All you can do is go to doctors and not give up. There are so many different symptoms to Chiari 1 malformation, so all I can suggest is get an MRI done of your head and neck. I hope that is somewhat helpful, 'cuz I am still fighting the good fight.

God bless you,

Stephanie

Doctors have called me a lier and I cried a lot. Just because they couldn't see my pain. Come to find out, I have Chiari. For years I suffered with a diagnosis of Chronic Pain and degenerative disc disease. The majority of my pain was from Chiari. I admire your strength! I KNOW first hand what you are going through and it is important that we keep spreading the knowledge. Keep it up! Hang in there, you HAVE Chiari and Lupus, but YOU ARE NOT Chiari and YOU ARE NOT Lupus!

I hope you get well because I think you will make a wonderul actress because you are so expressionate and you have a fantastic voice!! Totally! Film actress?

I have Chiari as well. It's effected my mind as well. I've speant the past year trying to pretend everything is fine, but I've been in so much pain and now my husband and sister and parents seem cross and angry with me. Maybe because I've turned into such a mean and scary invalid. It's hard to go on. I haven't got treatment besides meds.

I am so sorry to hear that. I know how you feel. But please keep your chin up and it helps to go see a therapist. I see on constantly. Depression is one of the symptoms of Chiari 1 Malformation. So hopefully you find the right specialist who knows what they are doing. I'm still trying to find mine.

Keep in touch ok?

Well you are very welcome. If you havent noticed I would like to get to know you better. I hope that you dont mind me doing that, If you dont I understand. But in this video you said that you have no husband? what happened? did you lose him from a illness? or something, You are beautiful, i can see why he would leave you for anything else? Again I hope that you dont mind me asking questions. I guess i dont want to lose my husband either if it was because you are sick. I have a illness too.

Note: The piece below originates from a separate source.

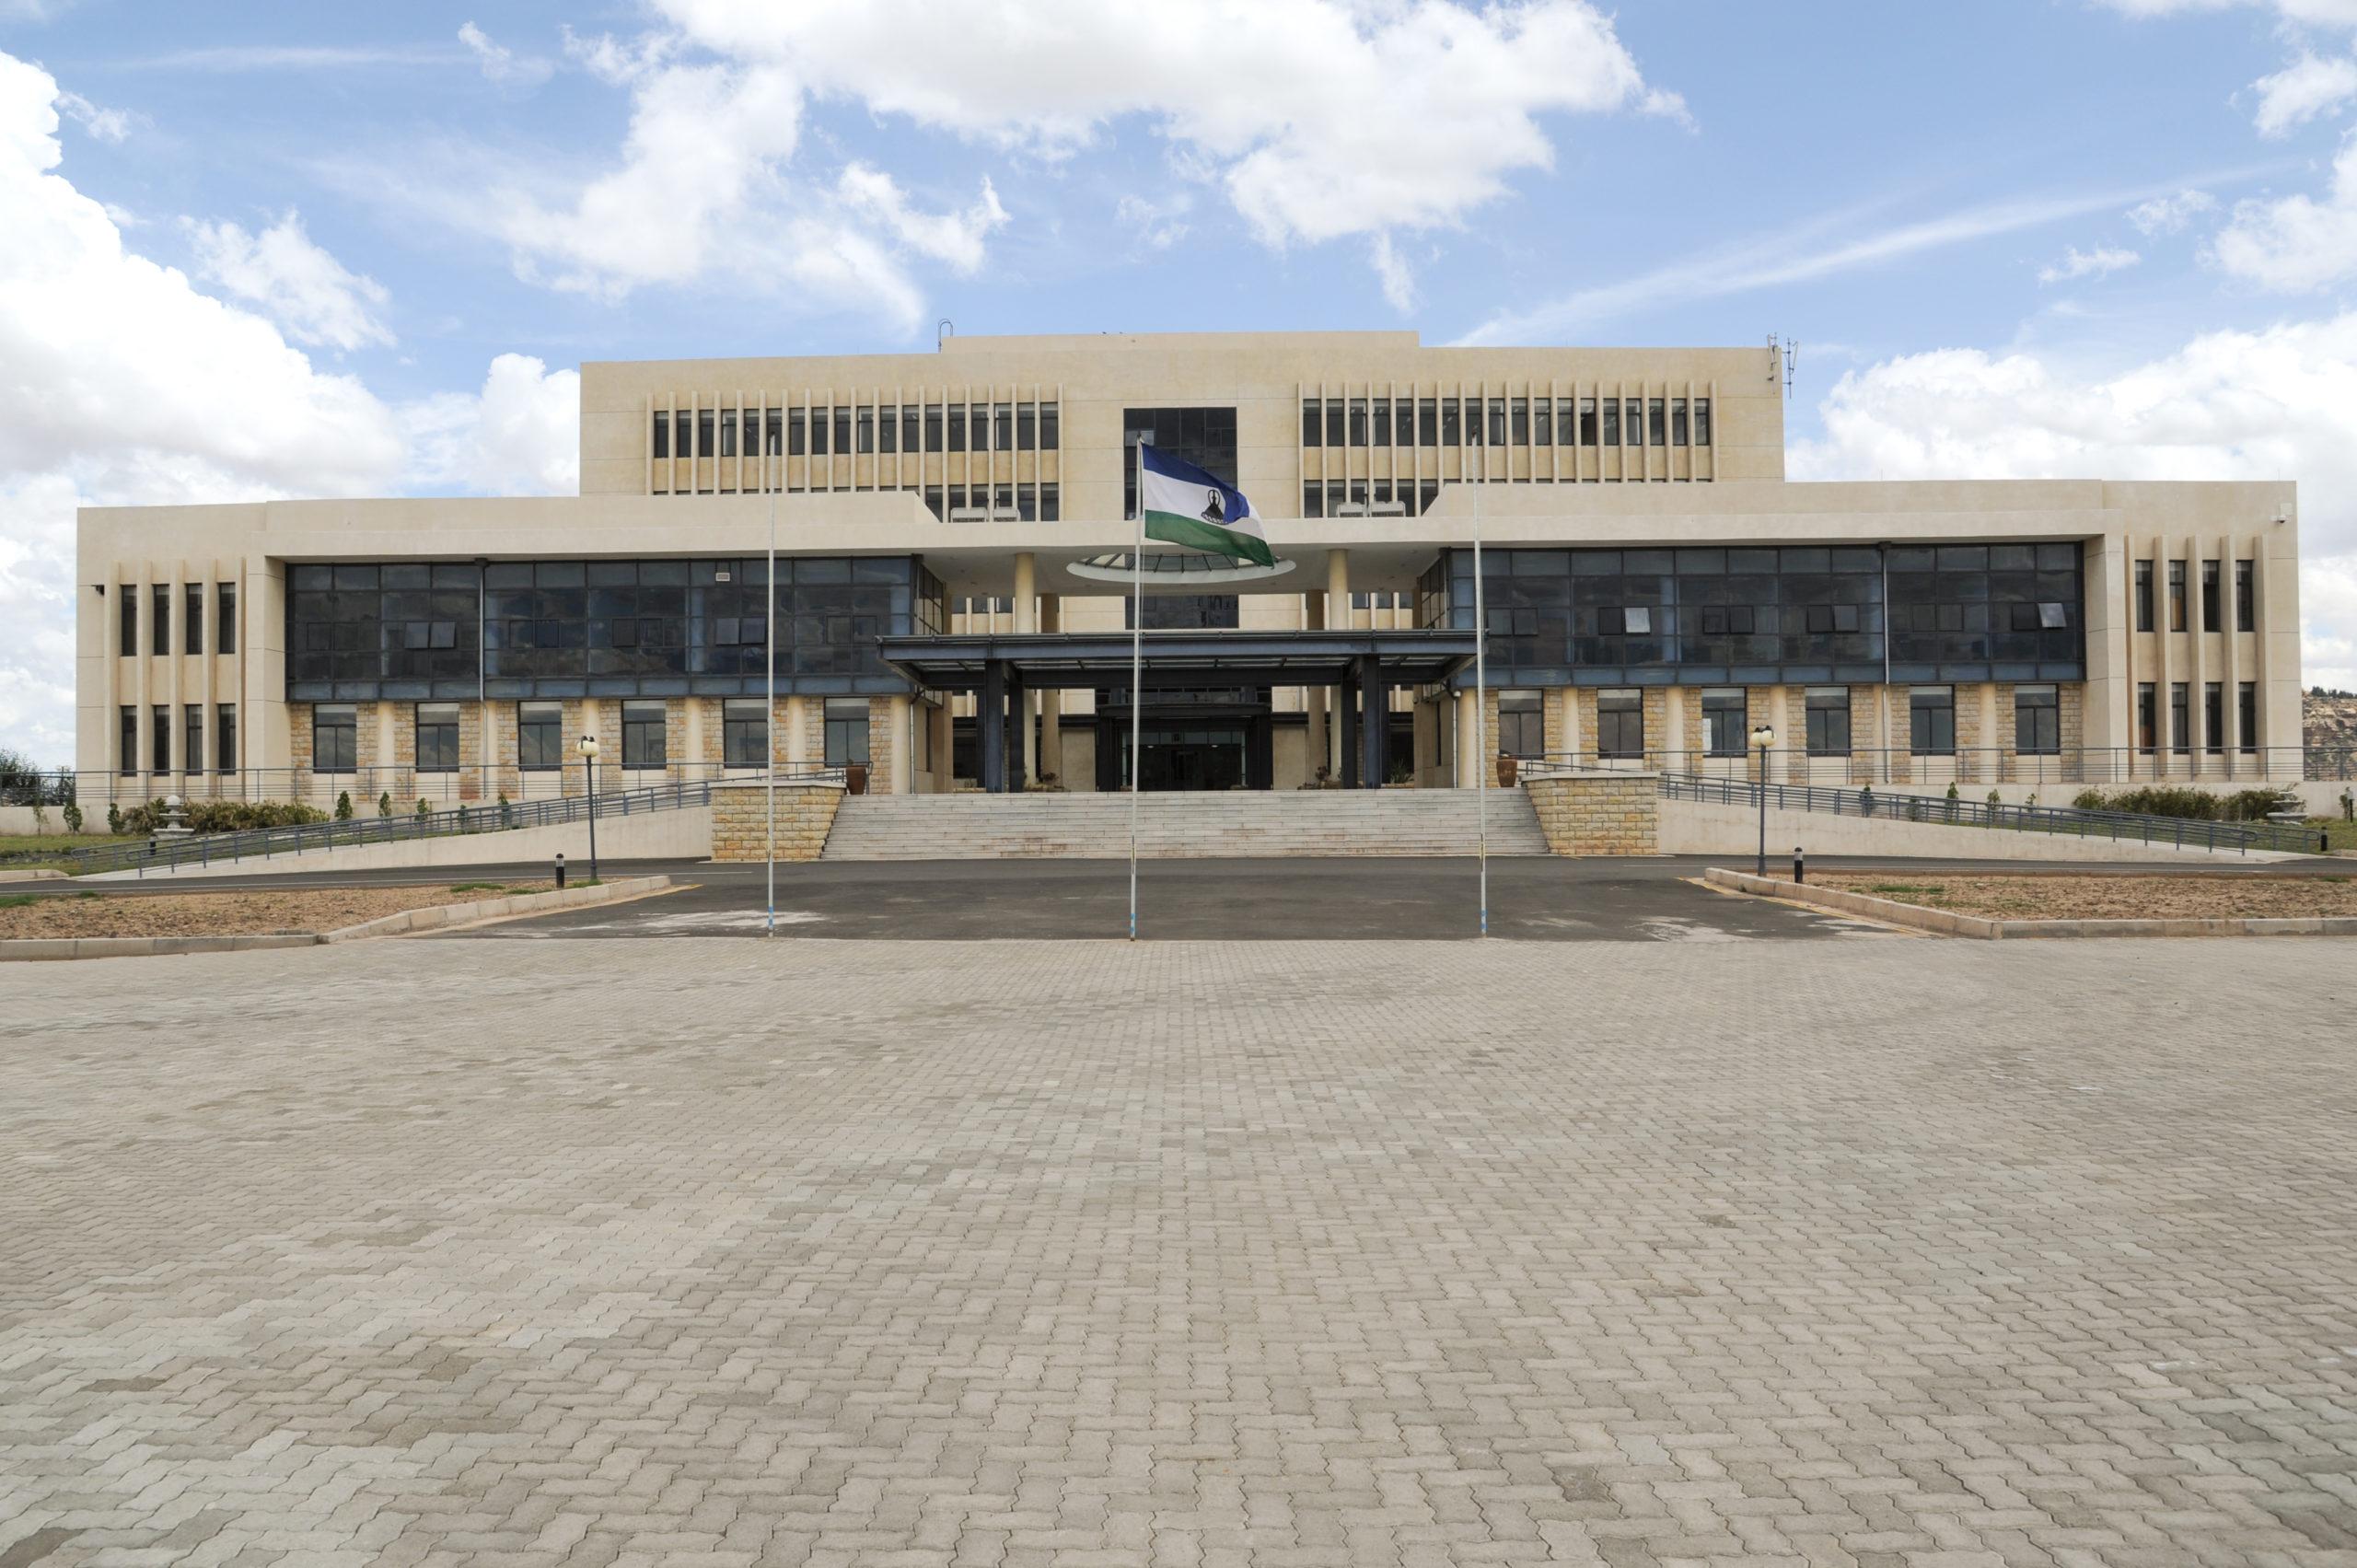 LesothoParliament

Why wouls I be mad at such a caring comment? I have considered the surgery, I have actually begged for it, but unfortunately I was in a severe car accident years ago that has crushed one of my discs near the malformation, so they refuse to do it. It is too dangerous they have said, apparently 1 fraction of a millimeter couold cause complete paralisis or death.All they can do is try and keep me as comfortable as possible, and try new treatments for pain as they come out. Thank you for caring.